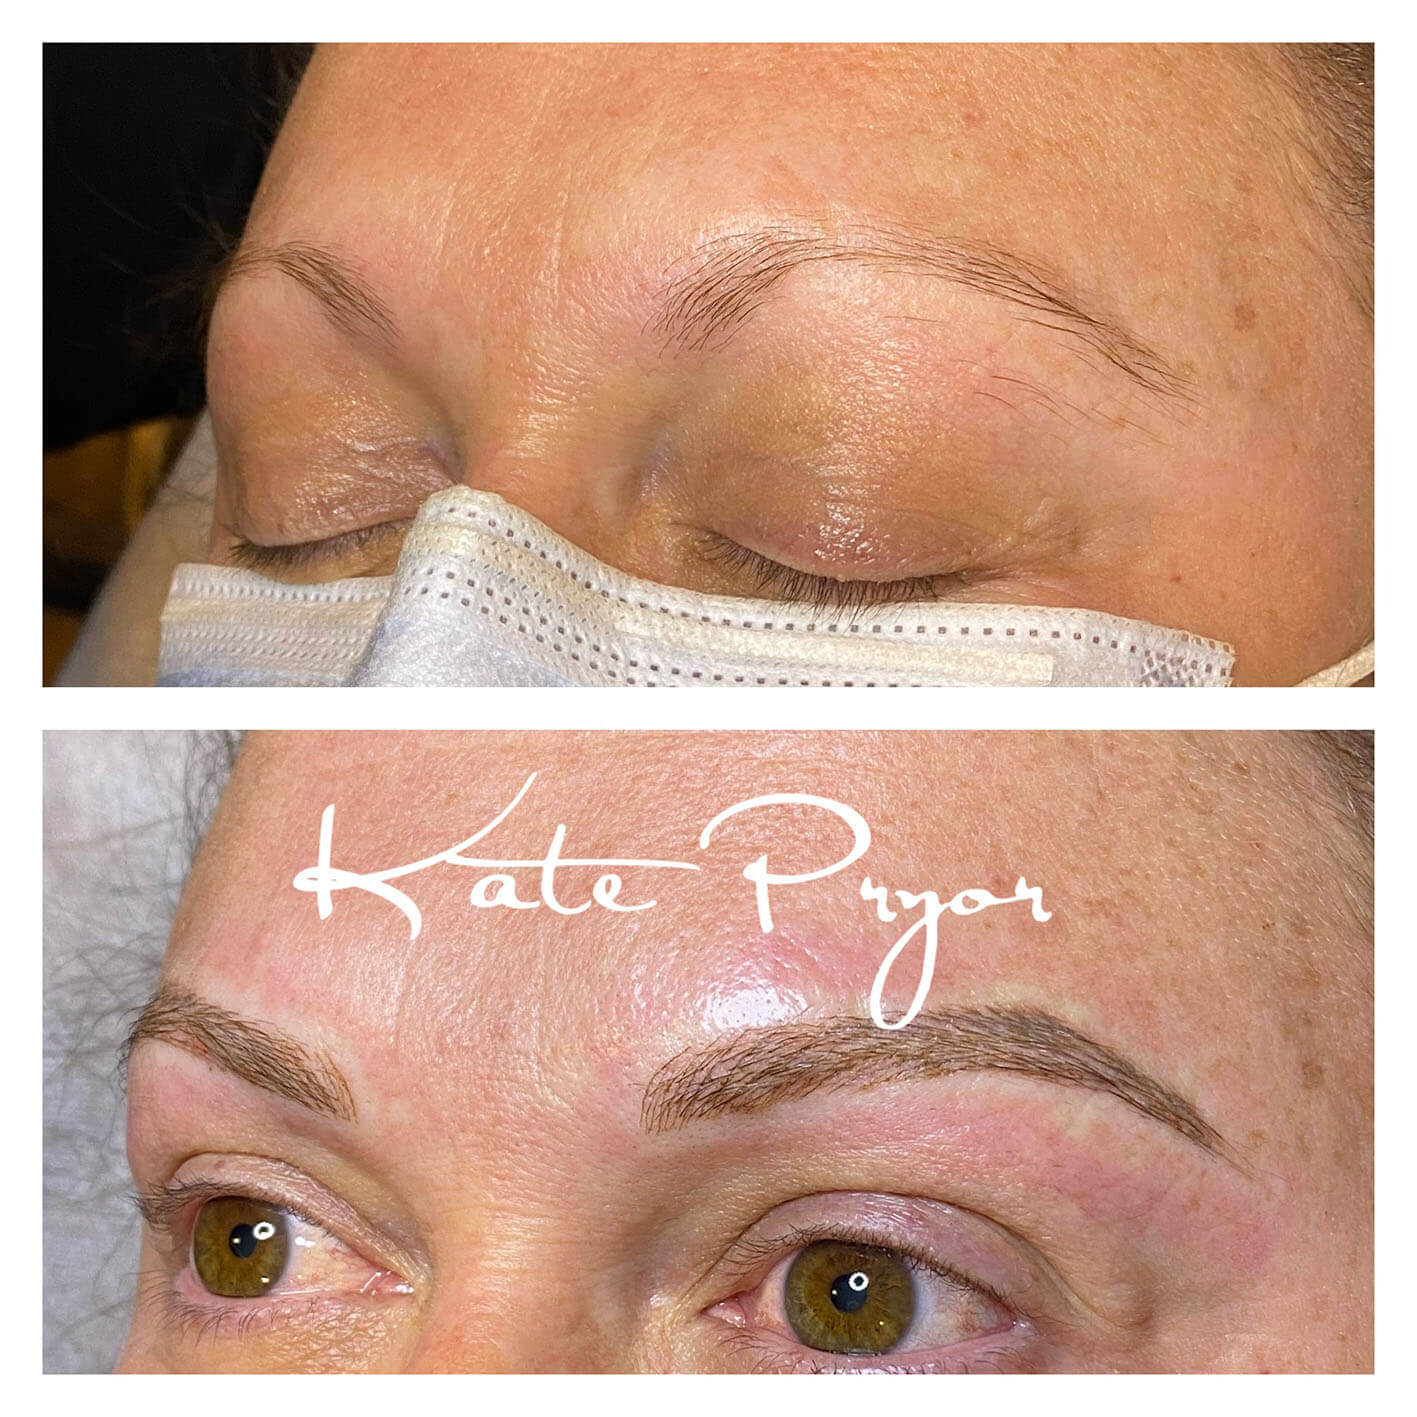 Elite-Skin-Cosmetic-Tattooing-Kate-Pryor-Before-After-13
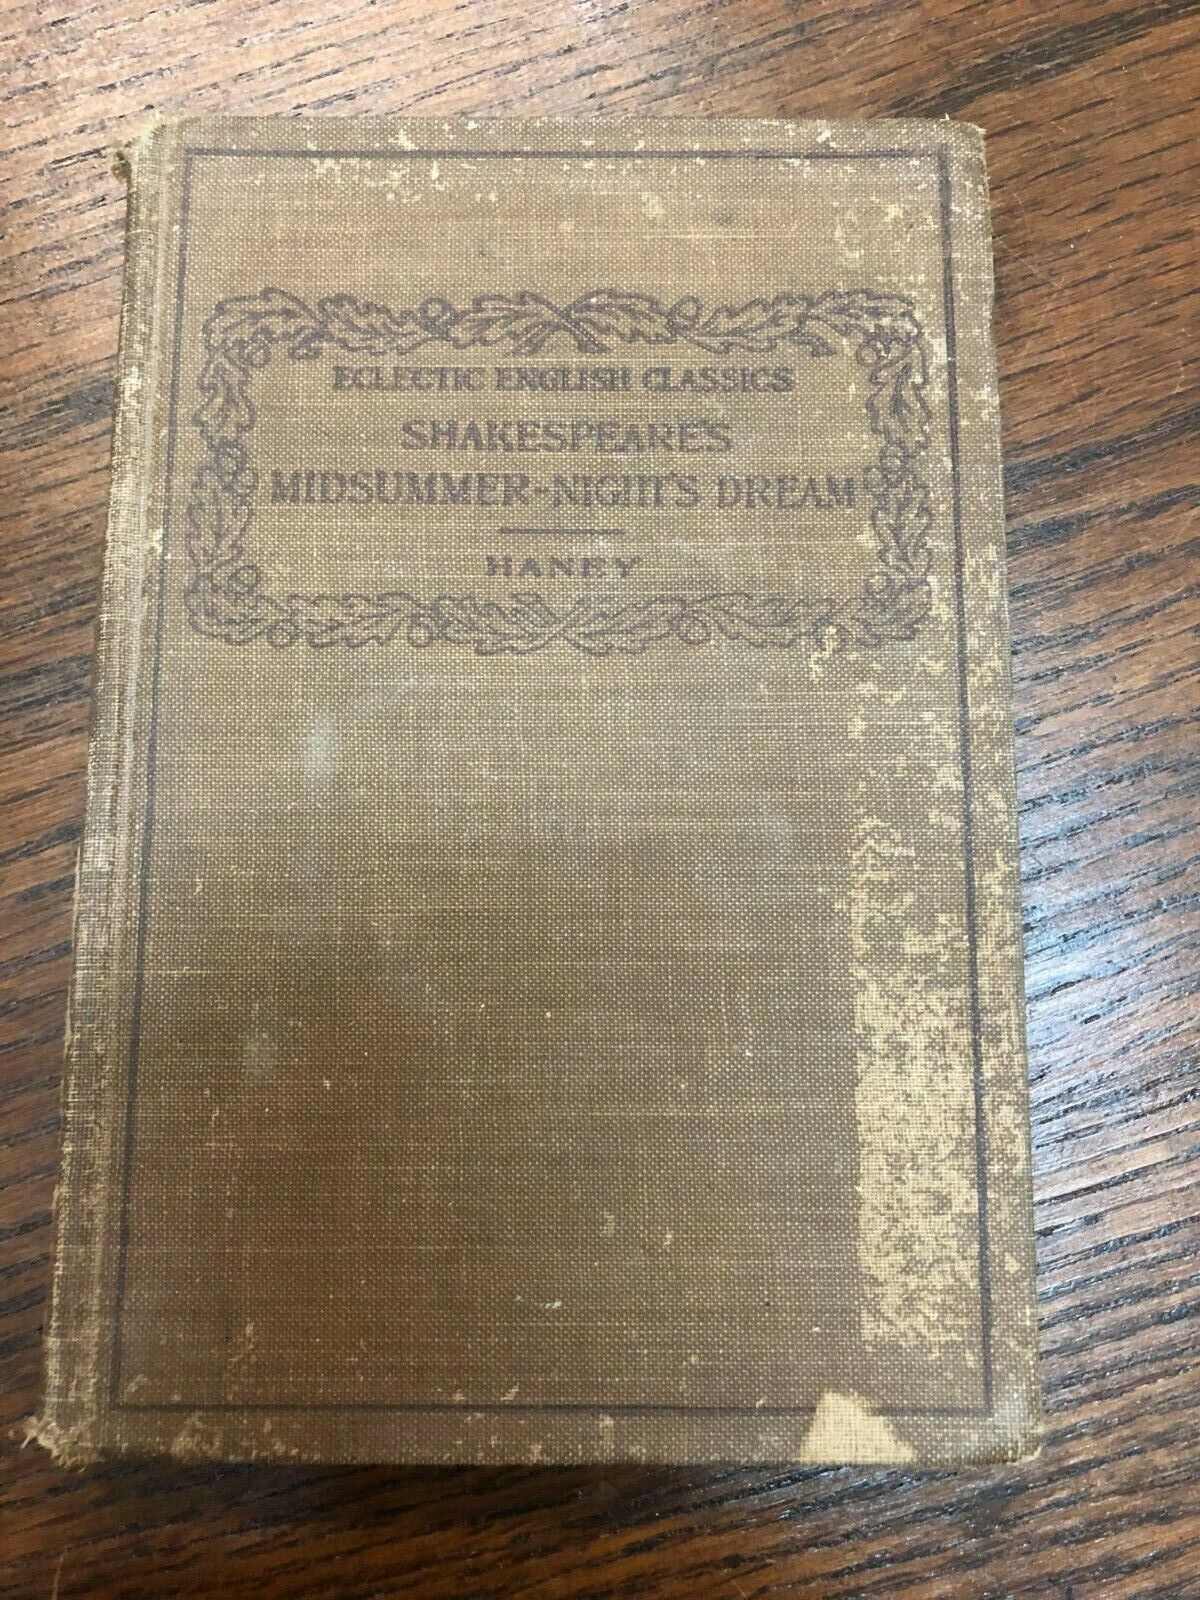 Antique Book Midsummer - Nights Dream Shakespeares Haney 1911 with study guide 
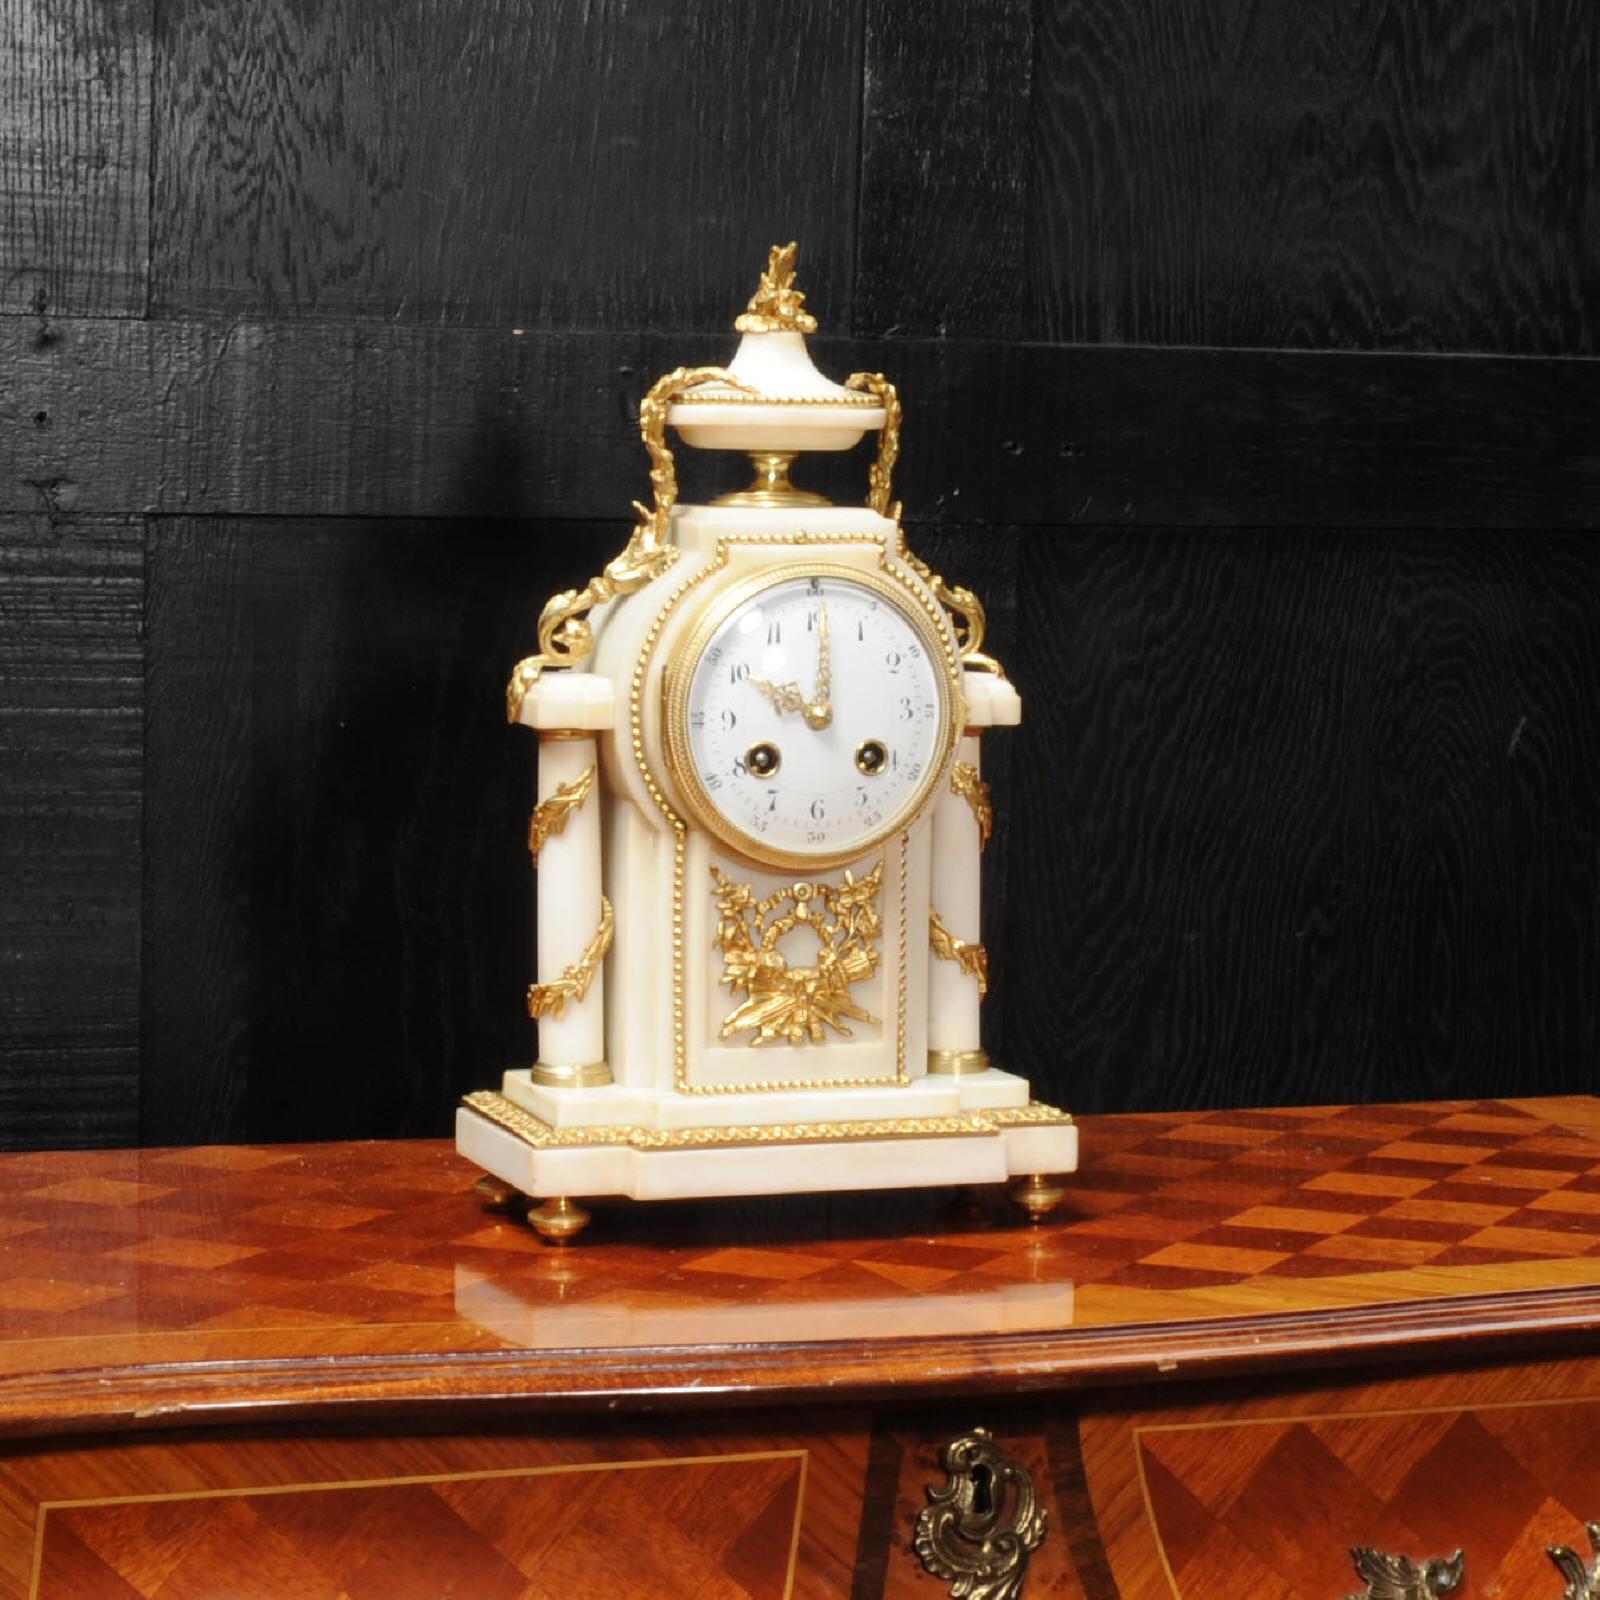 A beautiful antique French ormolu-mounted white marble boudoir clock, circa 1900. It’s of elegant Louis XVI style, classical columns wrapped with foliage and an urn to the top with foliage draped down each side. To the front is a motif of a quiver

§ **Task instructions**:
An exact copy of the listing above, minus its pictures, is what is needed here.

§ **Answer below**:
 Elite-Skin-Cosmetic-Tattooing-Kate-Pryor-Before-After-13
 Antique Book Midsummer - Nights Dream Shakespeares Haney 1911 with study guide 
 A beautiful antique French ormolu-mounted white marble boudoir clock, circa 1900. It’s of elegant Louis XVI style, classical columns wrapped with foliage and an urn to the top with foliage draped down each side. To the front is a motif of a quiver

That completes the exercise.